### Source data
______

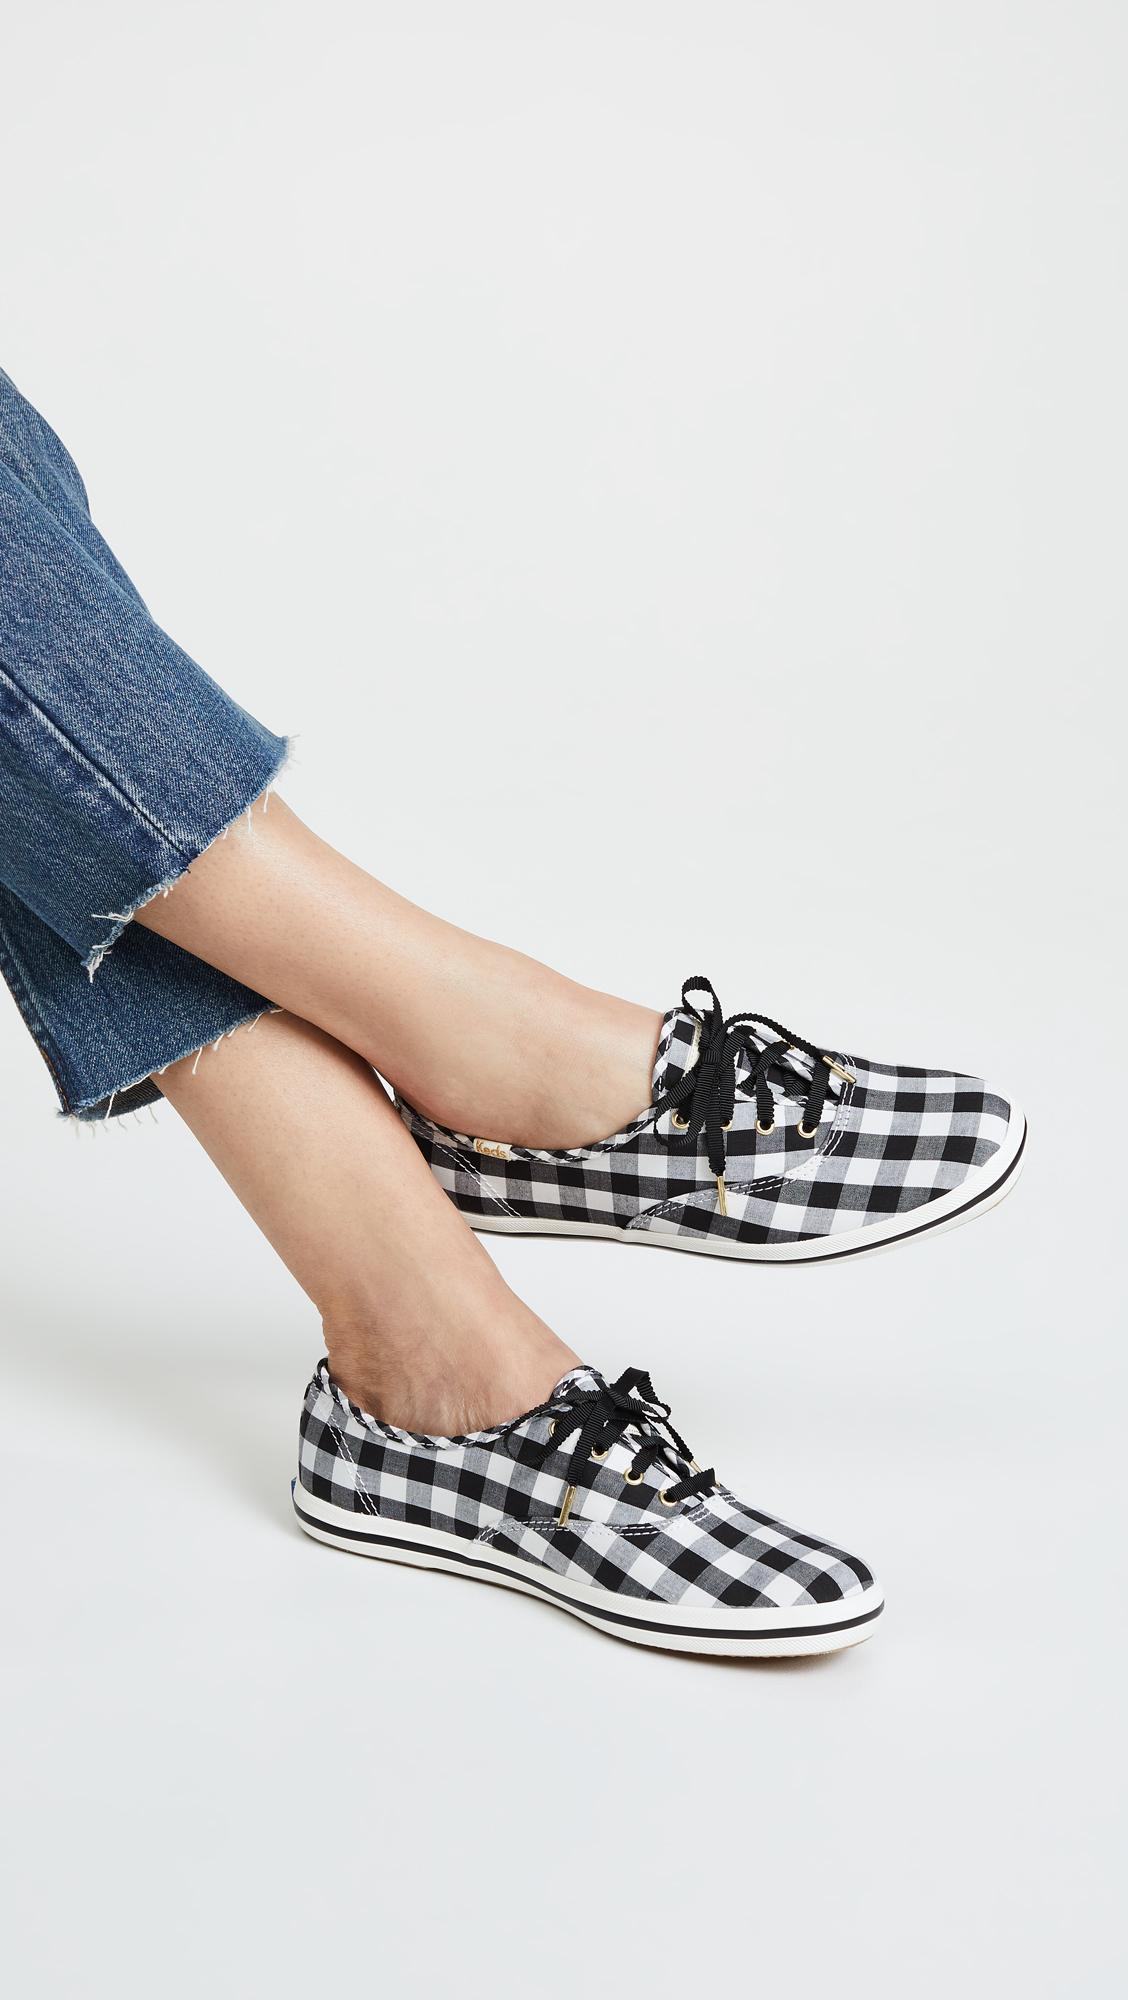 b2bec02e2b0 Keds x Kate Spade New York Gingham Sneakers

______

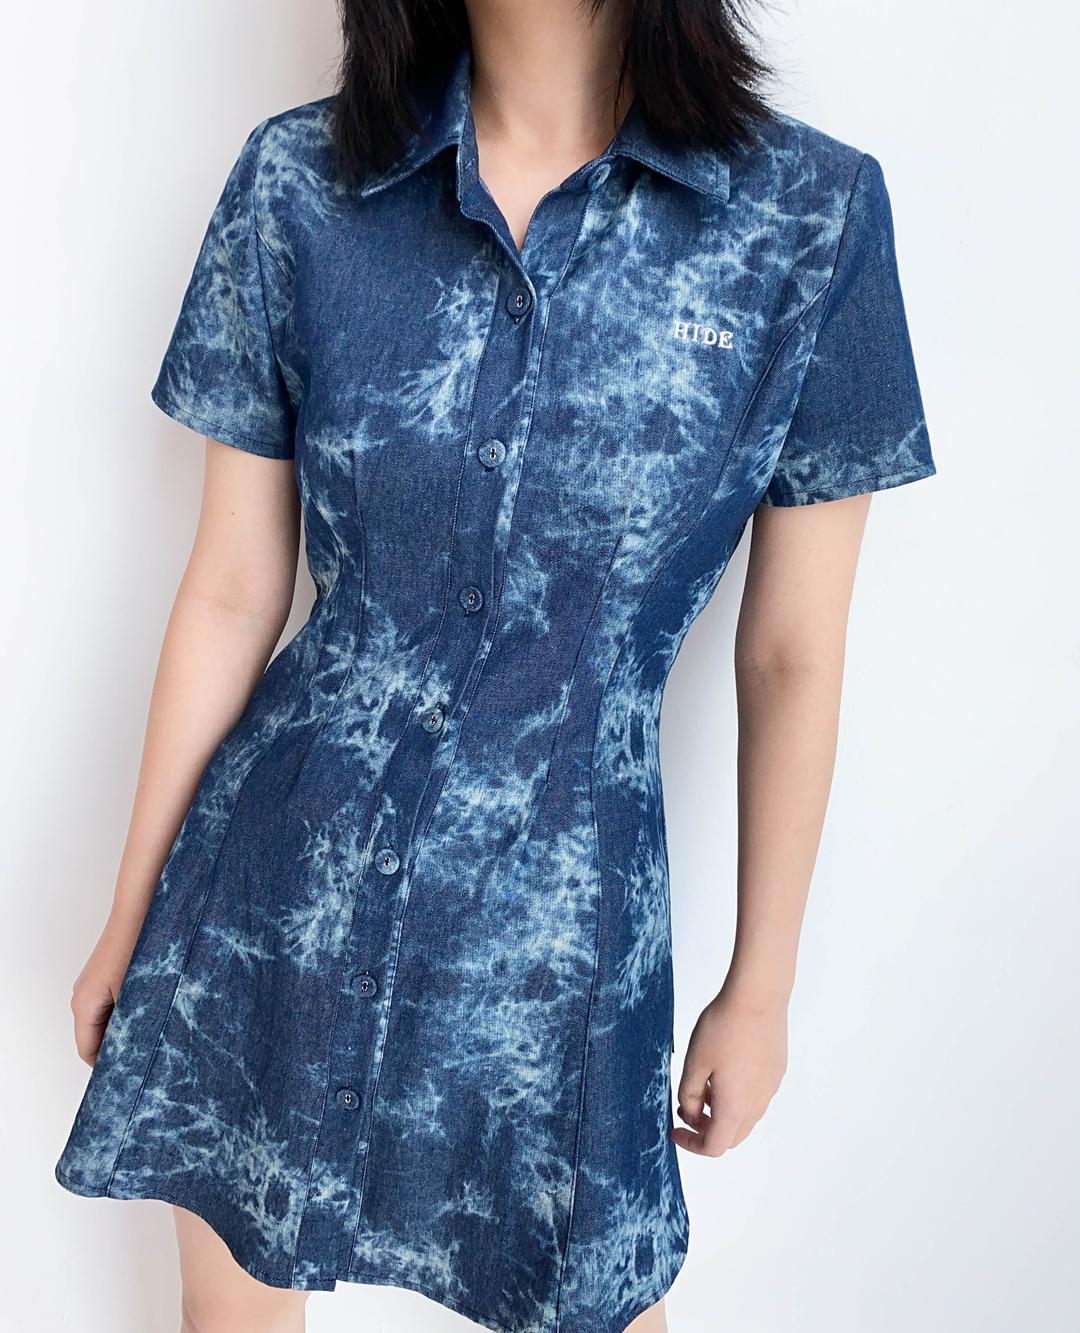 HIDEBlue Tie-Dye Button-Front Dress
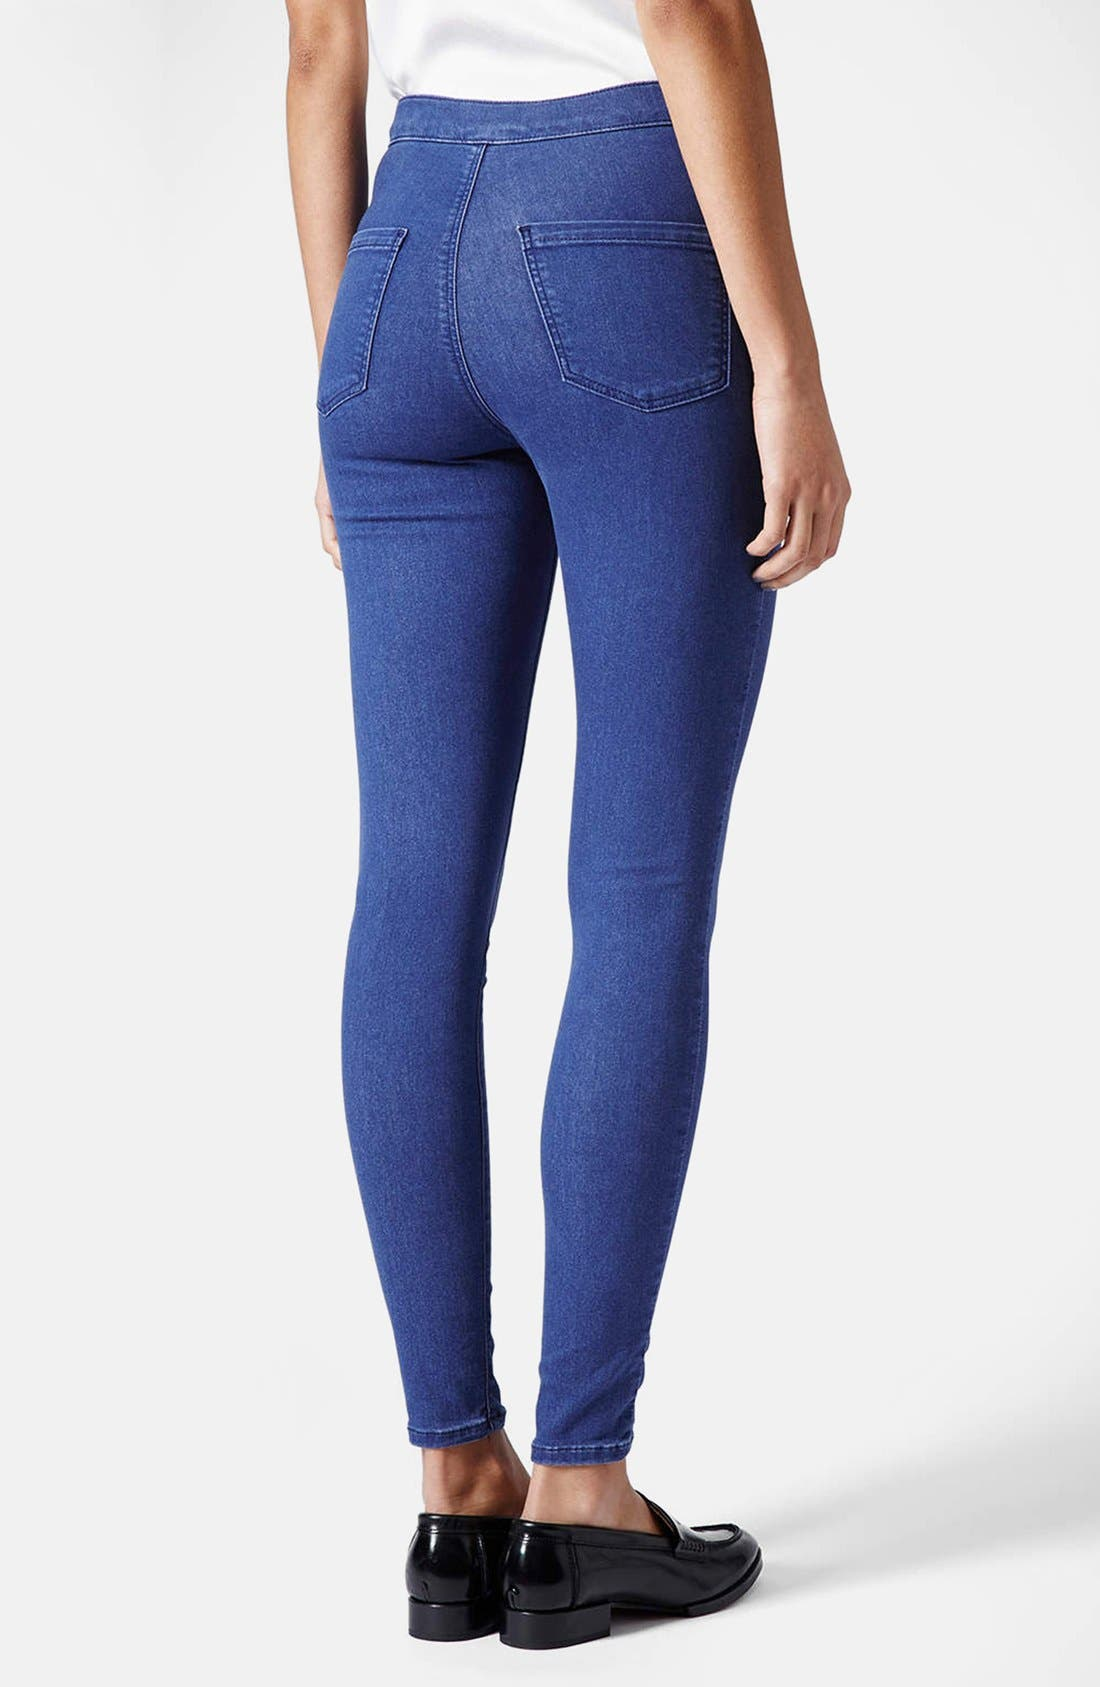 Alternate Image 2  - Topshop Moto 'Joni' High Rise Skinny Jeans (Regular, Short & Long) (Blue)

______

### The task
Within the material above, only the stretch from the line holding "HIDEBlue Tie-Dye Button-Front Dress" through the line holding "Alternate Image 2" is to be restated exactly. Pictures are dropped.

### Task response
 HIDEBlue Tie-Dye Button-Front Dress
 Alternate Image 2  - Topshop Moto 'Joni' High Rise Skinny Jeans (Regular, Short & Long) (Blue)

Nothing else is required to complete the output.